On independence, Bahawalpur State acceded to Pakistan and in 1952, Bahawalpur Infantry was integrated into Pakistan Army as the Bahawalpur Regiment. The first and third Battalions were entirely composed of Pashtuns from Lakki Marwat and Dera Ismail Khan while the second and fourth Battalions were composed of Punjabi Muslims (Awans and Gujars) from Potohar and Mirpur, along with local Seraiki speaking Baloch, Jat Muslim and Khokhar recruits. The Regimental Centre was based at Dera Nawab Sahib. The uniform of the new regiment was of rifle green colour with scarlet facings. Officers' winter mess kit was of French grey cloth with black cuffs and facings, and blue overalls. The cummerbund sash was rifle green. Cap badge of gilding metal consisted of a pelican surmounted by a star and crescent, the whole surrounded by a date palm wreath, with a scroll below, inscribed 'Bahawalpur Regiment'. Backing for the cap badge was of circular maroon cloth. The lanyard was of maroon cord.
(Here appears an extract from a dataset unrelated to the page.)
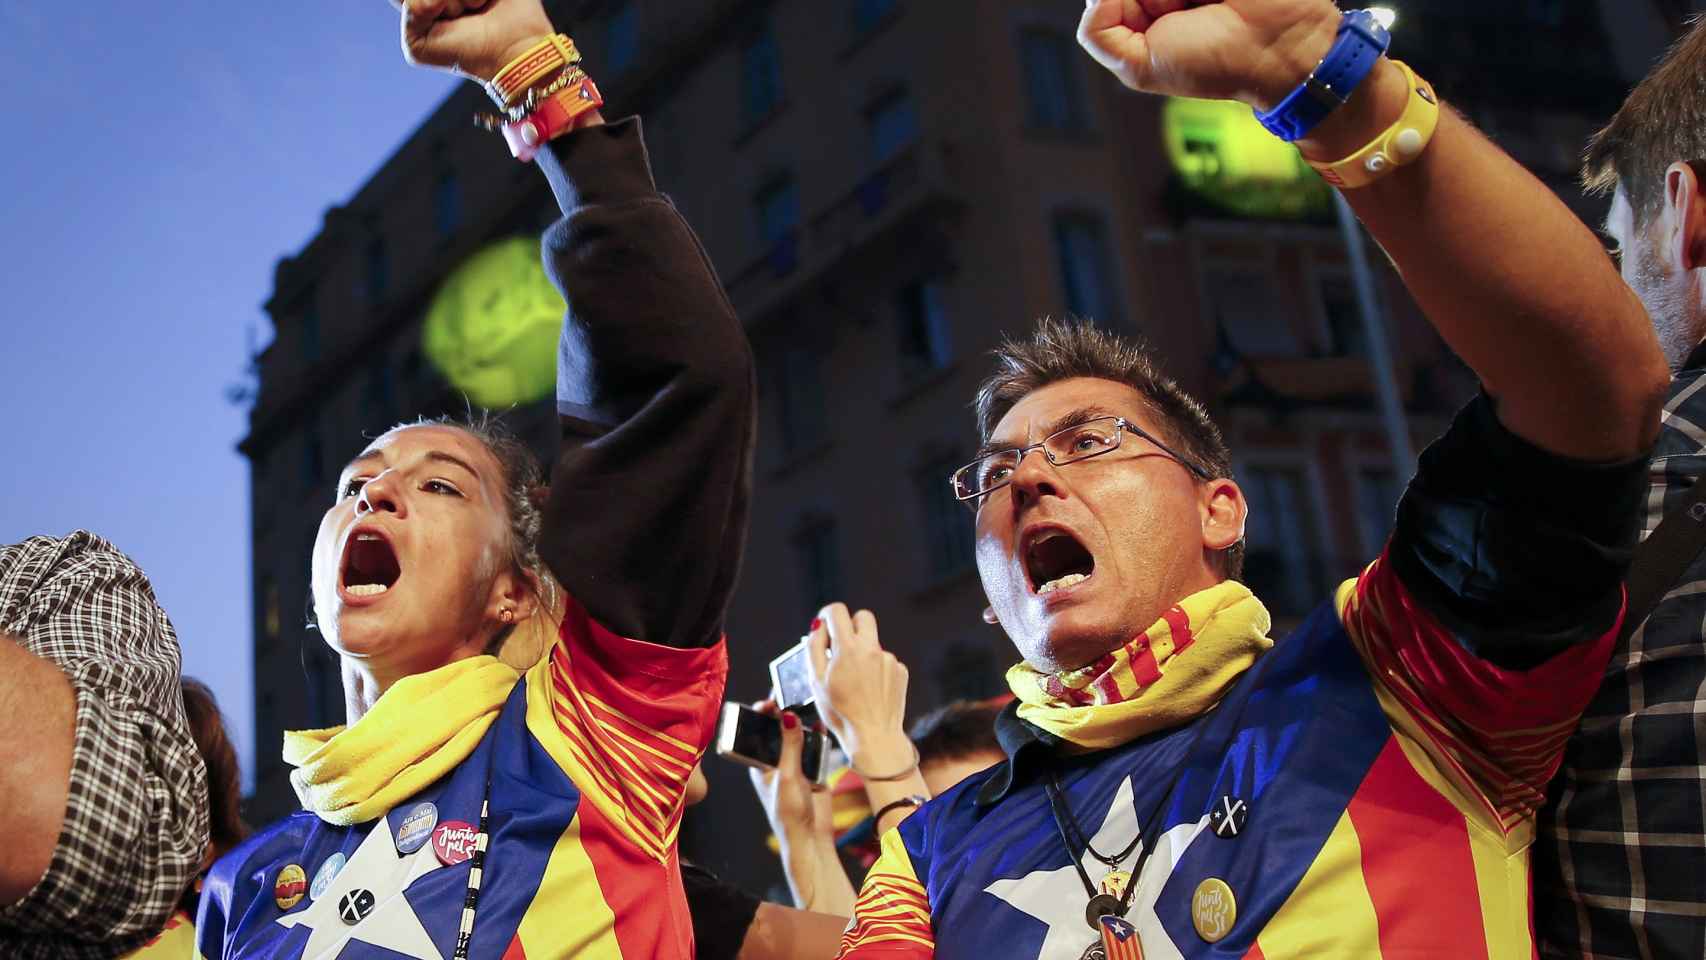 Simpatizantes de Junts pel Sí celebran los resultados en el centro de Barcelona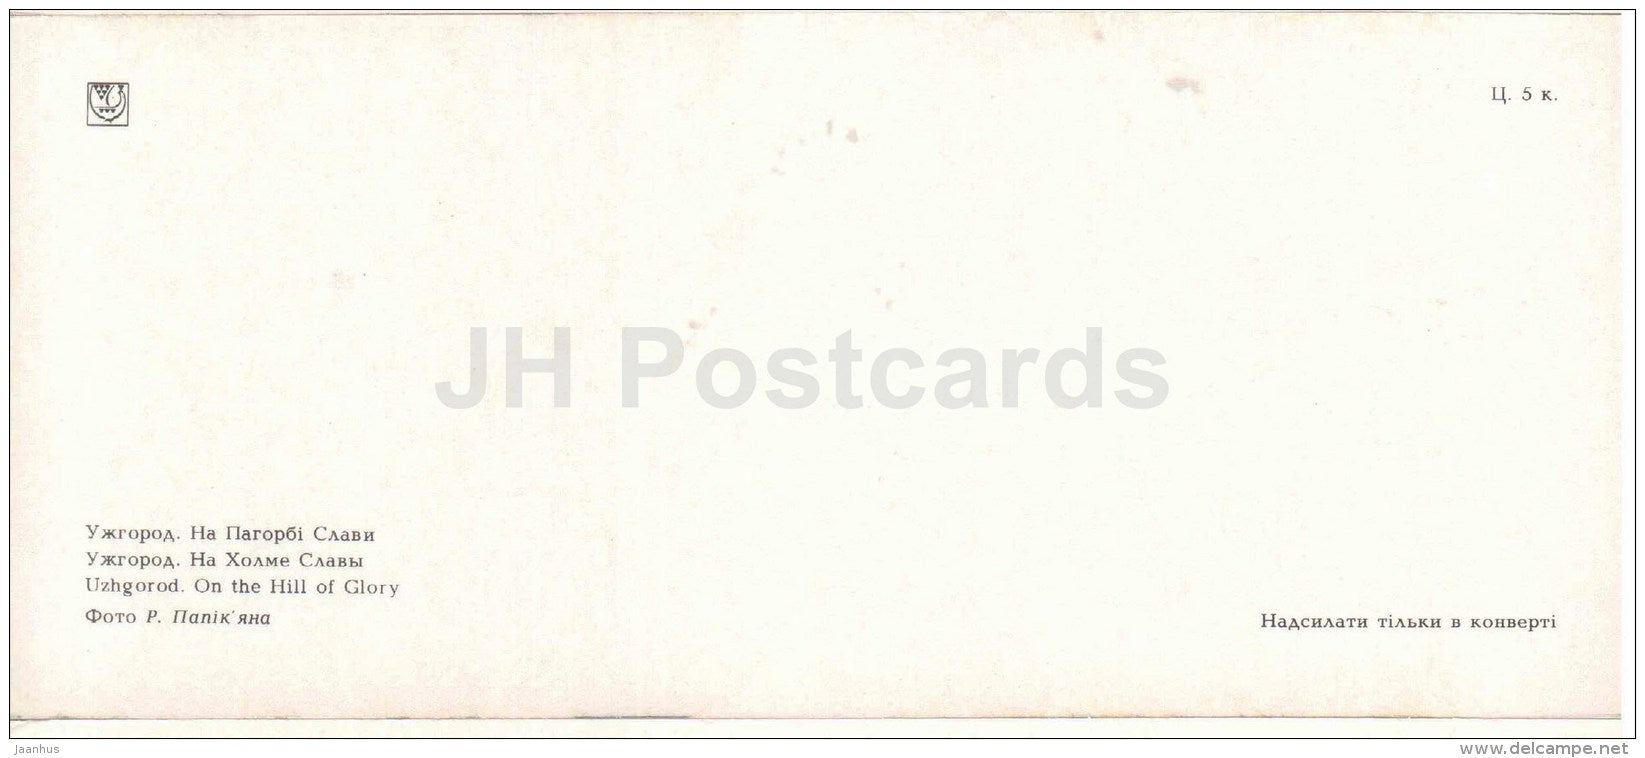 on the Hill of Glory - obelisk - Uzhgorod - Uzhhorod - 1986 - Ukraine USSR - unused - JH Postcards

In July 1948, 5th Bahawalpur Light Infantry was raised from Muslim officers and men of 2nd Patiala Infantry and other non-Muslim states of Punjab, who had opted for Pakistan. It was redesignated as 4 Bahawalpur in 1952. In 1956, a major reorganization took place in Pakistan Army and the existing infantry regiments were amalgamated to form larger regimental groups. As a result, the Bahawalpur Regiment was merged with the Baluch Regiment. The new line up of Bahawalpur Infantry with its supporting artillery regiment was:
- 1st (Sadiq) Battalion The Bahawalpur Regiment - 8th Battalion The Baluch Regiment
- 2nd (Haroon) Battalion The Bahawalpur Regiment - 9th Battalion The Baluch Regiment
- 3rd (Abbas) Battalion The Bahawalpur Regiment - 20th Battalion The Baluch Regiment
- 4th Battalion The Bahawalpur Regiment - 21st Battalion The Baluch Regiment
- 1st Bahawalpur Field Artillery Regiment- 14 Field Regiment Artillery

==Battle honours of the Bahawalpur Regiment==
- Battle honours awarded by the Governments of British India and Pakistan
Suez Canal, Egypt 1915-17, Gaza, Megiddo, Nablus, Palestine 1917–18, NW Frontier, India 1917, Baluchistan 1918, Johore, Singapore Island, Malaya 1941–42.
- Battle honours awarded by the Nawab of Bahawalpur
1st Kabul War 1837, Multan Campaign 1848, Mutiny 1857, 2nd Kabul War 1879, Great War 1914-18, East Africa 1915, Mesopotamia 1915, Persian Gulf 1916-18, Jordan Valley 1918, Waziristan 1917, Marri Field Force 1918, Afghanistan 1919, Kot Sabzal 1930.